Since Matt Cutts announced the Penguin update some weeks ago (aka, the over-optimization penalty), the SEO industry has been trying to figure out exactly what it means. Penguin officially rolled out late last month, and there have been a whole passel of accounts of sites getting hit pretty hard.
In the official post on the Google blog, Cutts talks about how the update addresses webspam issues like keyword stuffing and link schemes. It’s funny to me to think of an algorithm update in 2012 that addresses keyword stuffing. Is anyone really still trying that, and if so, was anyone ranking because of keyword stuffing up until Penguin slapped them down?
Link building is another matter, though, and this update seems to be telling us that link building for SEO purposes is just not going to work anymore. Based on what Cutts is saying (which has really been Google’s consistent message all along), the traditional SEO approach to link building is backwards. There’s a site or piece of content that’s not ranking prominently for the desired terms, so let’s go out and create as many backlinks as we can in order to improve that ranking. Cutts describes good SEO as usability, speed and compelling content. The theme here is that all of these things are a benefit to the user. In other words, good SEO from Google’s perspective is about making the site better. It’s pretty hard to argue that going out and creating a bunch of backlinks makes a site any better for the user.
In many ways, the Penguin update isn’t really much of a change at all. Google’s whole purpose in looking at links from the beginning was to more effectively evaluate which pages are the best result for a given query. In that sense, creating a bunch of links solely for the purpose of rising in the rankings has always been a bit of a trick – almost a loophole to artificially gain position. Penguin is just Google’s way of telling people to knock that off. Get your content noticed, certainly, but don’t go out and do it merely for purposes of SEO. Google wants you to know (or at least think) that they’re much too sophisticated for that kind of chicanery.
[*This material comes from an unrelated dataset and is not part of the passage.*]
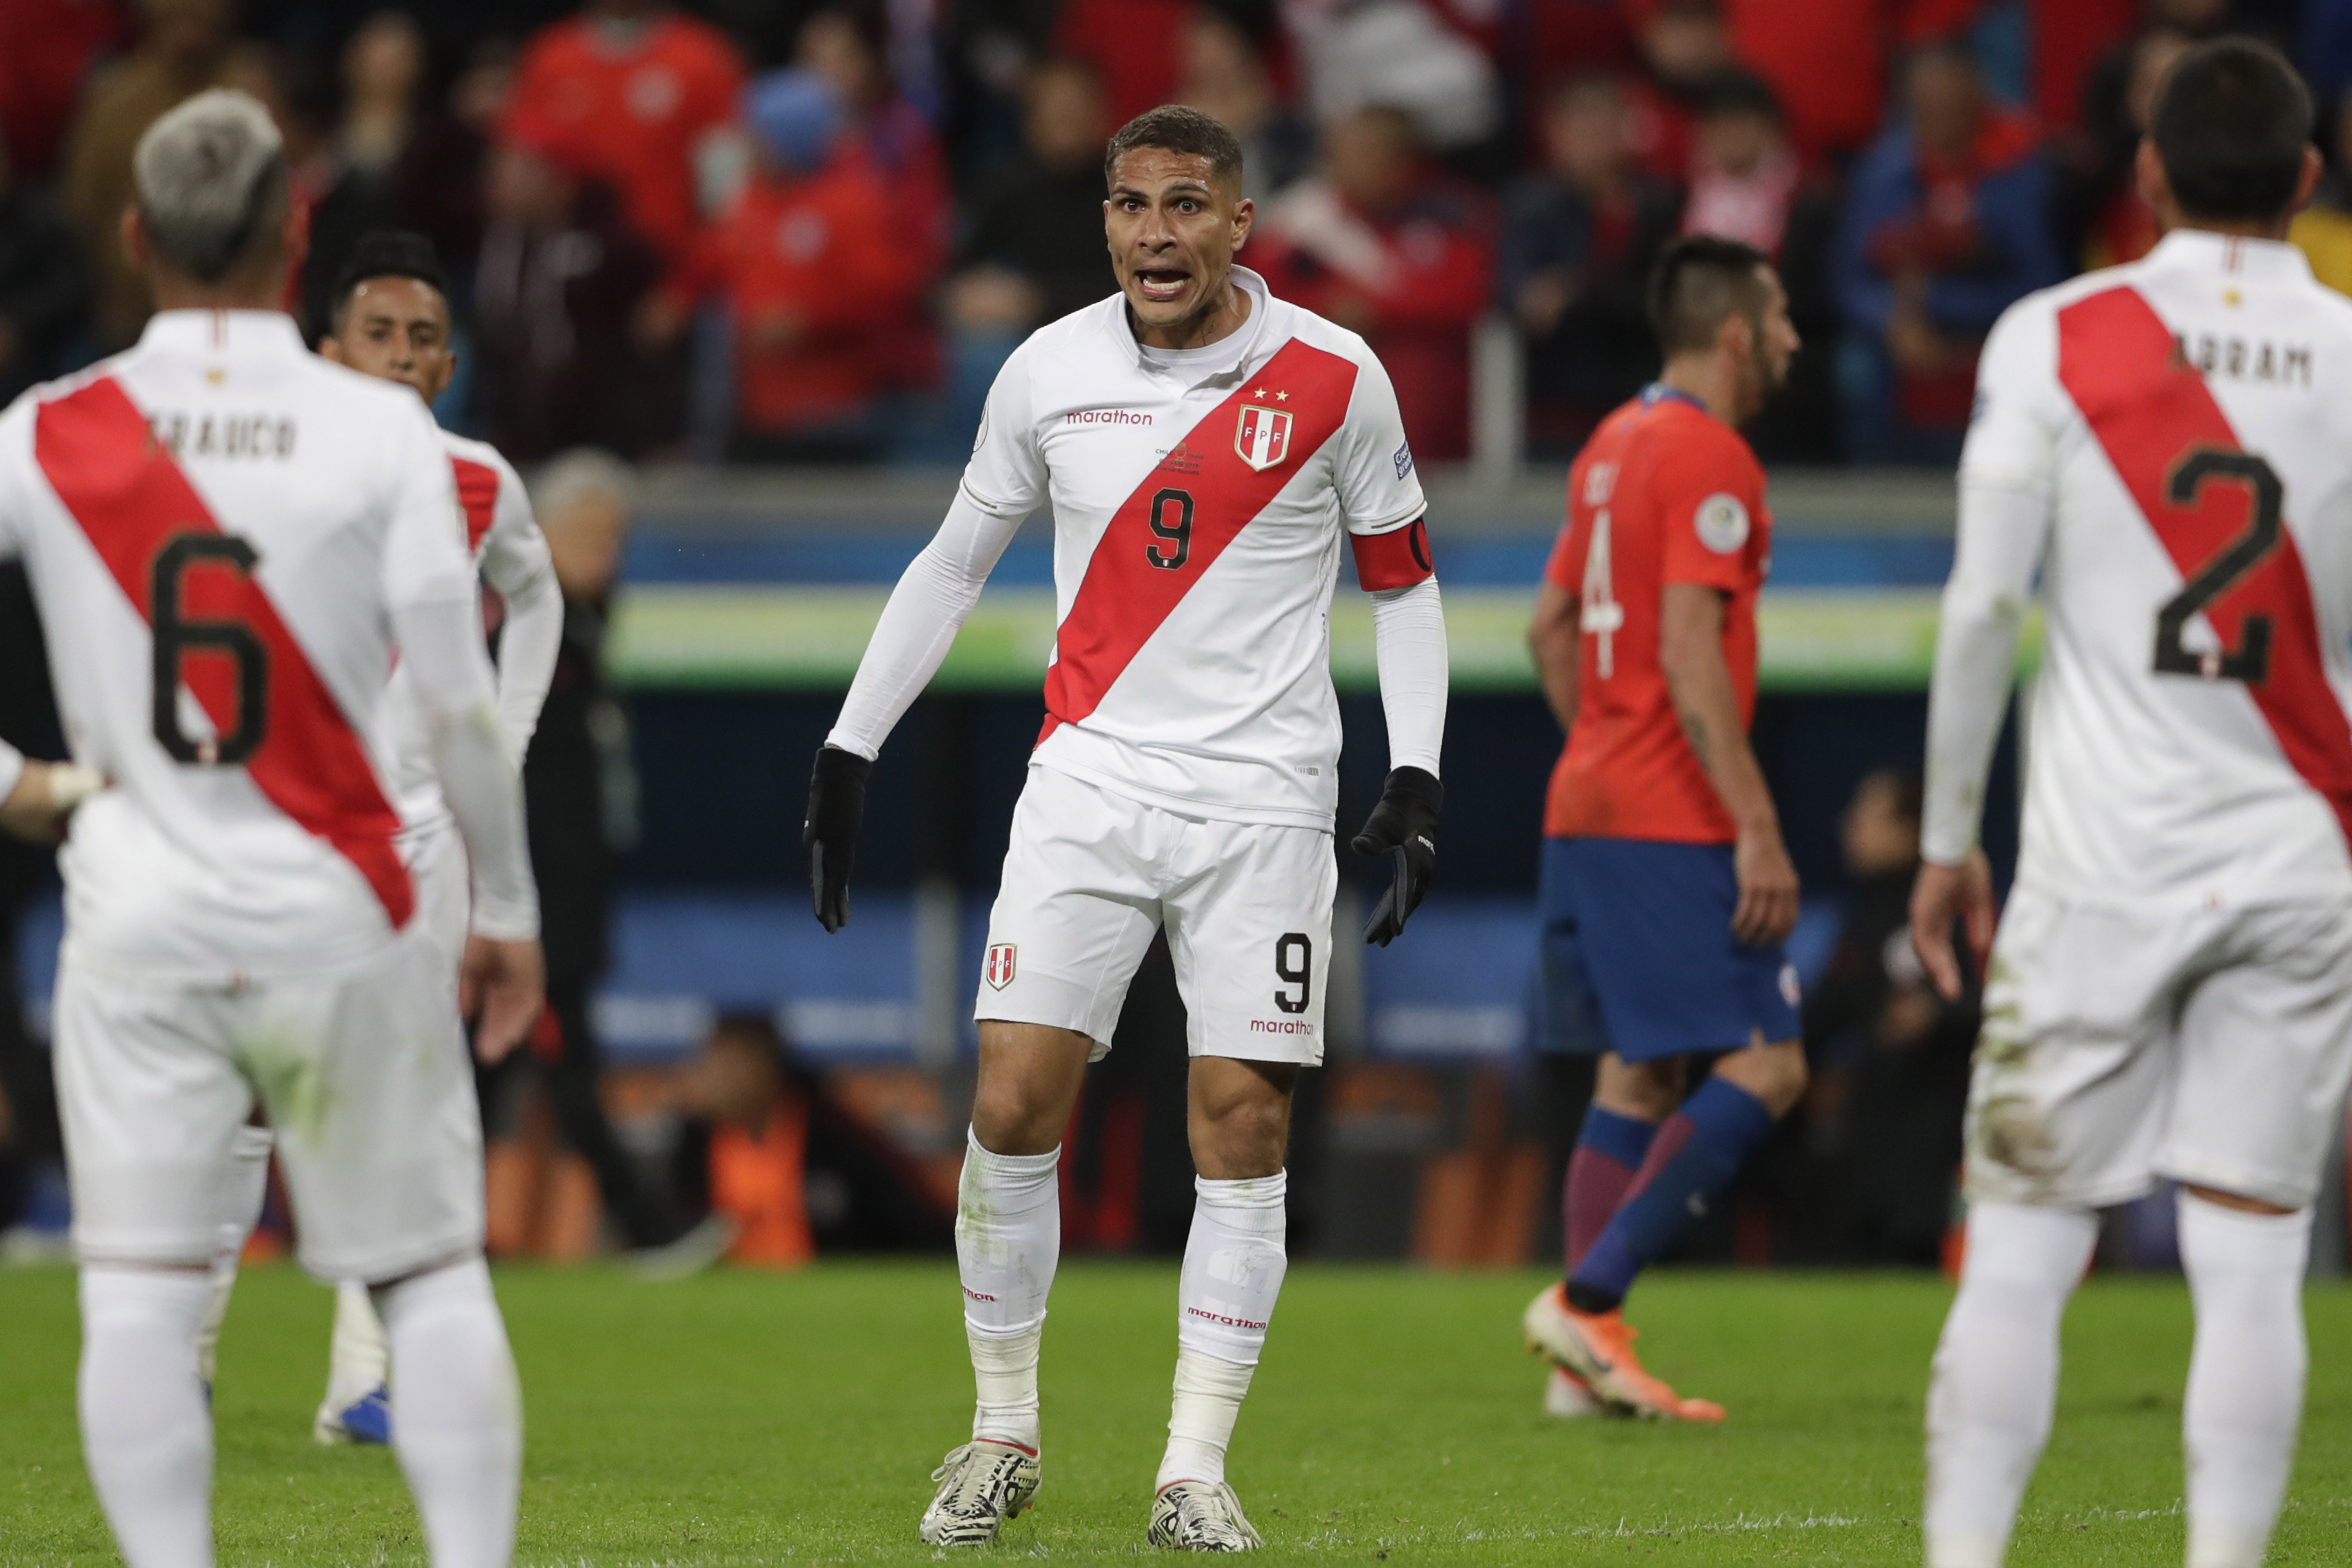 Brazil Vs Peru Free Live Stream 7 7 19 Watch Copa America 2019 Final Online Usa Tv Channel Time Odds Preview Nj Com

In fact, Google regularly emphasizes how they look at 200 different factors when determining the ranking of a page. As Amit Singhal said at SMX London just the other day, links are just one part of “a variation of signals that reinforce each other, which strengthen a website’s ranking.” At a higher level, a focus on ranking as a key indicator of campaign success is far less meaningful today with all of the personalization going on in search. All of these things bring us back to the content itself. Content that’s not ranking is likely not ranking because it’s not good enough, not specific enough, not useful enough, not compelling enough. This is why I see Penguin as the final blow to link building as we know it. If your content is not working for you, the answer can no longer be a bunch of links. The answer needs to be better content, new content, more (and more useful and compelling) content, measured not by where it’s showing up on a given SERP, but by what it’s yielding against business objectives.
So, in light of this update, what should you do with your link building efforts? If you haven’t already, this is certainly the time to take a detailed look at what you (or others on your behalf) are doing so you can put the brakes on anything that doesn’t pass the sniff test (comments on unrelated blogs, links from low-quality sites, reciprocal links, PageRank manipulation, aggressive exact match anchor text, etc.). Once that’s been done (and there are some guides out there on taking down junk links if you need them), start evaluating your link building in the context of your larger marketing efforts. Links coming your way as a result of legitimate marketing promotions, public relations, guest blogging and other integrated efforts are great, but the Penguin update is just one more milestone on the road to irrelevancy for link building as we have known it.